Re: [dspam-users] 3.4.6: tum builds spam corpus very slowly and spam subject always on

From: Ion-Mihai Tetcu <itetcu@people.tecnik93.com>
Date: Mon Aug 08 2005 - 04:34:35 EDT

 [ Now why I didn't receive this on dspam-users also ? ]

On Mon, 8 Aug 2005 08:27:35 +0200
Andreas Klemm <andreas@klemm.apsfilter.org> wrote:

> Hi,
>
> its about this dspam version (dspam-3.4.6.20050523.0845).

Can you update to 3.4.8 ? From what I remember there was a training bug
that got fixed.

> This time I tried to setup dspam, that it gets trained.
> Since by training corpus I somtimes get strange results,
> too weighted to the one or the other side (spam/innoc.).

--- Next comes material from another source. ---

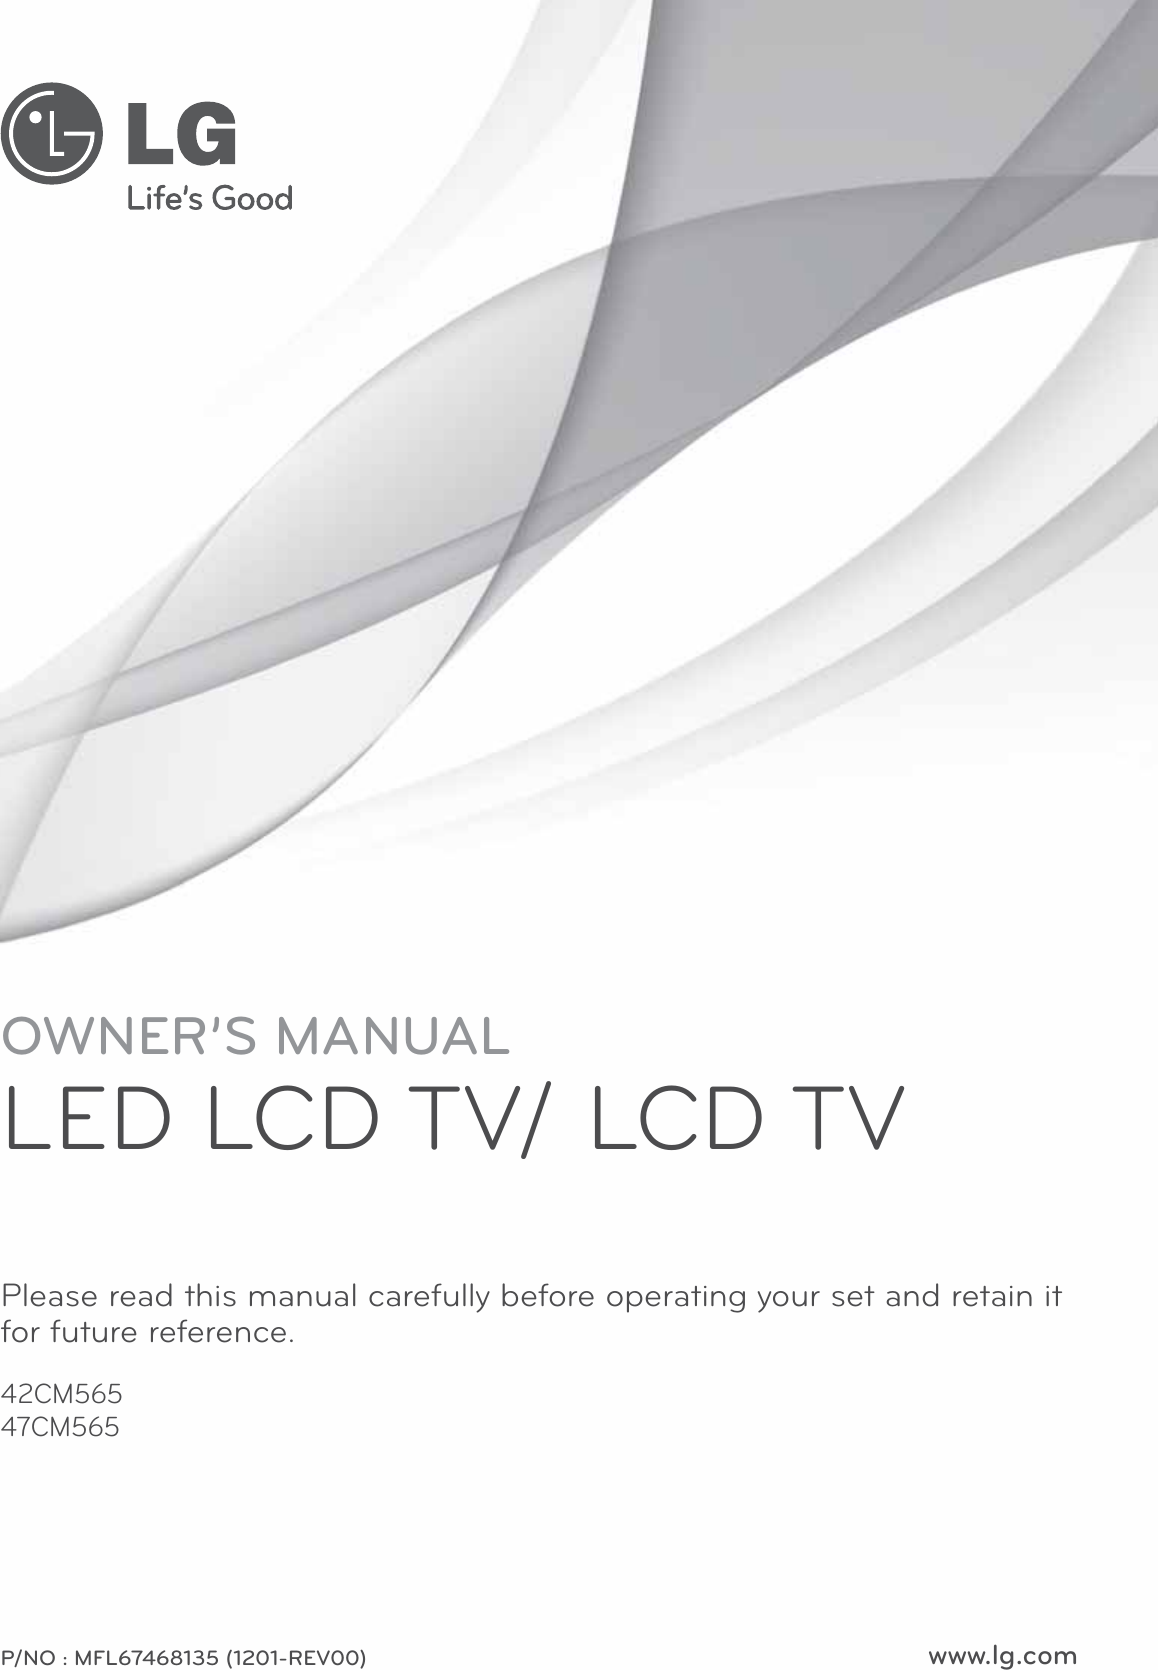 www.lg.comOWNER’S MANUALLED LCD TV/ LCD TVPlease read this manual carefully before operating your set and retain it for future reference.42CM56547CM565P/NO : MFL67468135 (1201-REV00)

As a rule, I don't like corpus;

> But the corpus only is increasing very slowly.
>
> Seems for me as if training lasts a year or even more.
> Though I get aprox. 2000 mails a day. Mainly mailinglist
> traffic and ... spam.

This is strange, AFAIR tum means teft until the magic border is
reached.

> Look here: Only 157 and 11 for spam and innocent corpus.
>
> This few in about 10 weeks:
> Look, from when my db newinstall is:
> root@titan[ttyp2]{221} /var/db/pkg/postgresql-server-8.0.3 ll
> total 80
> -rw-r--r-- 1 root wheel 58 May 21 19:07 +COMMENT

I've blown my db some months ago and from what I remember it took about
2 or 3 weeks to get good filtering (but with teft). Same type of emails
as you.

> root@titan[ttyp2]{211} ~ dspam_stats andreas
> andreas TS: 6204 TI: 23156 SM: 1045 IM: 77 SC: 157
> IC: 11
>
> Part of my config.
>
> TrainingMode tum
> #Feature sbph
> Feature chained
> Feature tb=4

Try going with a smaller tb, eventually; it works for me, but I have
1/30 spam/ham ratio and yours is 1/4 so you might get some more FP.

> #Feature whitelist
> Feature noise
> Algorithm graham burton
> PValue graham
> Preference "signatureLocation=headers" # 'message' or 'headers'
> Preference "spamAction=tag"
>
> #Preference "spamSubject=SPAM"
> btw, although I commented out the spamsubject I still get it
> prepended to the subject as can be seen here.
>
> 1424 N Jan 30 ___ɯůS°Ï¡ãº^°®§ ( 49) [SPAM]
> »__ÃP__£___ɧAªº¹q__£®Ä¯à¡A¥Î³Ì«K©yªº»ù 1425 N Feb 01 ~Áú­·ºô­¶___j®v~
> ( 194) [SPAM] ³ÌHOTÁú¬yºô­¶§A___]¥i¥H__Ö__³¡F³Ì¶W­ÈÁ

This works for me (no spam subj, and quarantine)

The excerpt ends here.